Il commissario, su indicazione del partito nazionale, avrebbe dovuto prendere parte al tavolo insieme al responsabile enti locali. Cosa che invece non è avvenuta. Aggravando tensioni che  erano già venute  a crearsi nelle settimane passate.

E a distanza di meno di 24 ore, l'atto di revoca è stato formalizzato. Quella del consigliere regionale uscente Cicchetti, che l'anno scorso aveva detto addio a Italia dei Valori, sbattendo la porta in faccia agli esponenti  di un partito “centralistico e verticistico” – secondo indiscrezioni – sarebbe stata una gestione eccessivamente accentratrice.

Ma la versione del presidente dei medici è ben diversa: “Già dall'ultima campagna elettorale, io e altri amici di partito avevamo avuto modo di maturare diverse perplessità sull’operato del partito nazionale.

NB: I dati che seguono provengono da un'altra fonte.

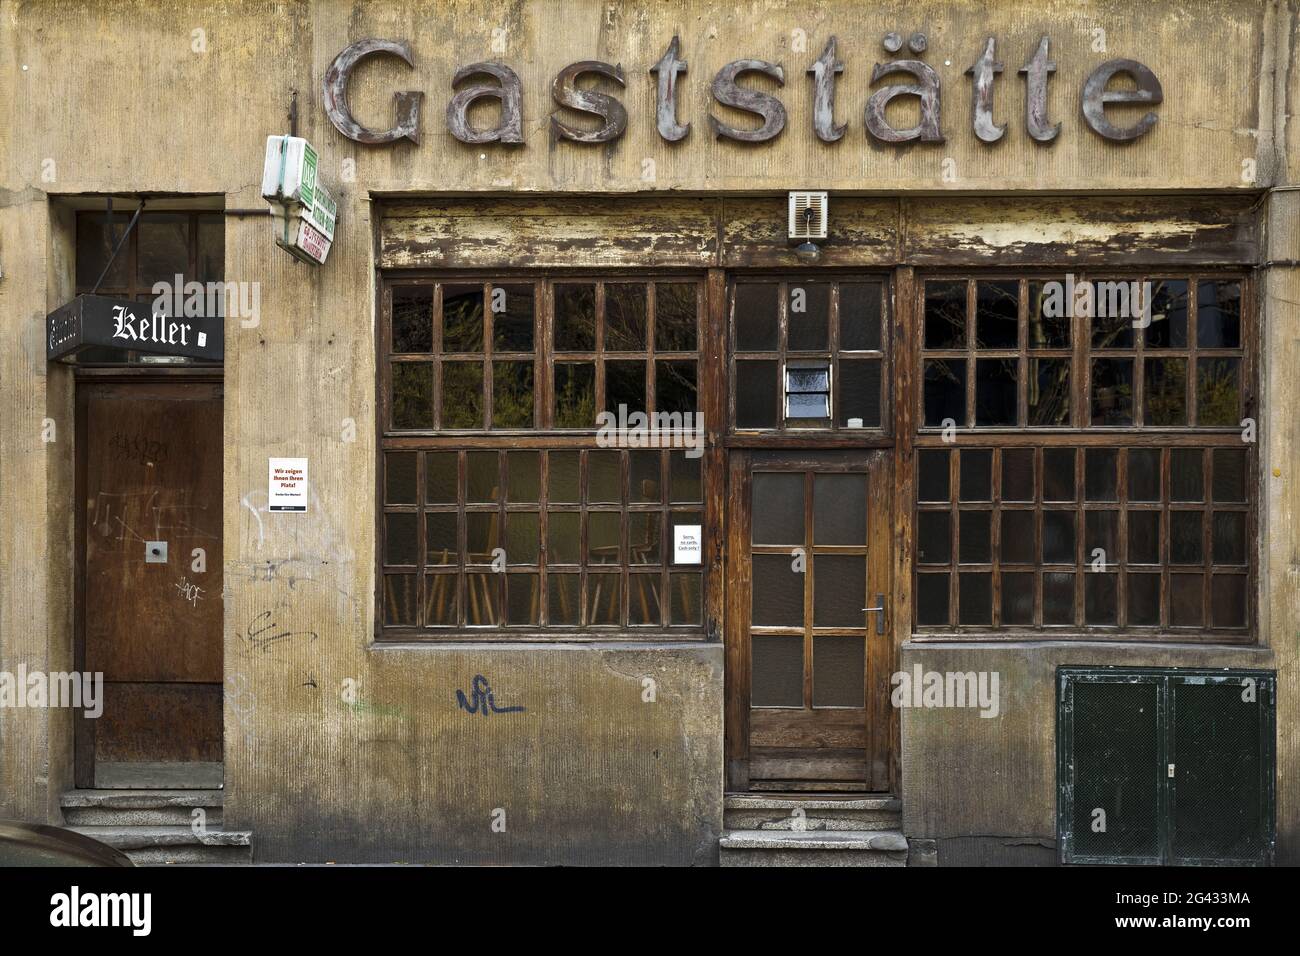 Gaststaette Lommerzheim, also called Lommi, Koelsche Kult pub in the Deutz district, Cologne Stock Photo
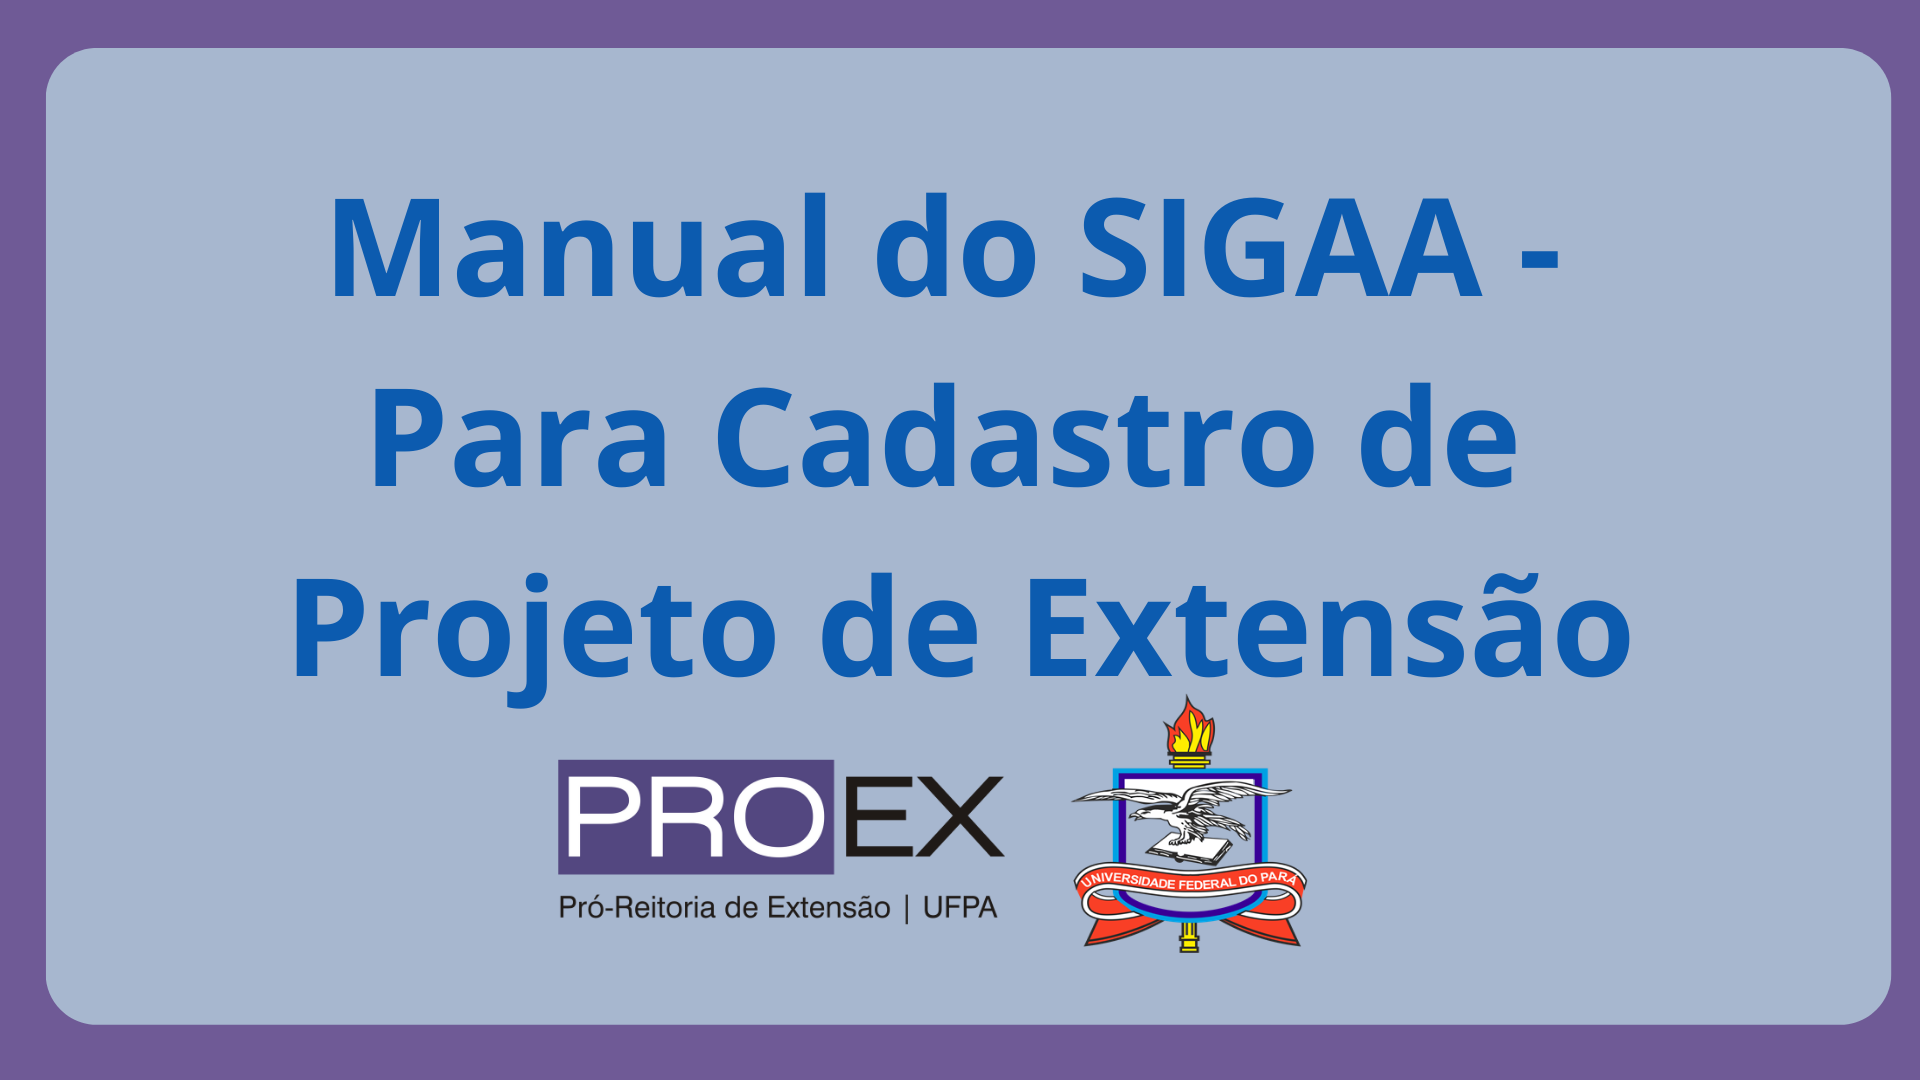 Manual do SIGAA para Cadastro de Projeto de Extensão

A cominciare da alcuni sui discutibili esponenti, come il consigliere regionale pugliese che ha aspirazioni al Comune di Bari, e che ha millantato il suo rapporto con l'attuale sindaco Michele Emiliano, come abbiamo avuto modo di capire quando quest'ultimo ha preso parte alla kermesse di Lacorazza al Don Bosco.  Chiaramente si trattava di dubbi che non abbiamo ritenuto utile esprimere durante la campagna elettorale. E, infatti, alle regionali abbiamo riscosso un buon successo. Grazie soprattutto alla qualità delle persone scese in campo che hanno consentito a un partito che non aveva grosso radicamento sul territorio di avere un esponente in Consiglio regionale. Di recente ho espresso le mie perplessità al gruppo dirigente. Ed è da questo è scaturito il venir meno del rapporto di fiducia». In merito all'episodio della riunione del tavolo del centrosinistra, Mazzeo Cicchetti chiarisce ancora: «La richiesta della presenza del responsabile nazionale degli enti locali, a mio avviso, non aveva senso, visto che non si trattava di aprire una trattativa con le altre forze di centro sinistra. Senza tener conto del fatto che la convocazione dell'incontro è arrivata solo il 23 dicembre. Non ho avuto quindi tempo per avvisare».

Il presidente dei medici annuncia al Quotidiano un incontro che lunedì mattina terrà con alcuni esponenti del partito vicini alle sue posizioni, per decidere sul da farsi.

Nel frattempo, il nuovo commissario Borzillo -  “persona dalle indiscusse capacità organizzative”, scrive Olivieri - dovrà guidare il partito nelle fasi delicate delle prossime scadenze elettorali, prima fra tutte la nomina del nuovo gruppo dirigente della città di Potenza. Sarà affiancato dal vice commissario Vincenzo Paolino, mentre sono stati confermati gli icarichi dei commissari provinciali di Potenza e Matera, Angelo Lamboglia e Domenico Cammisa.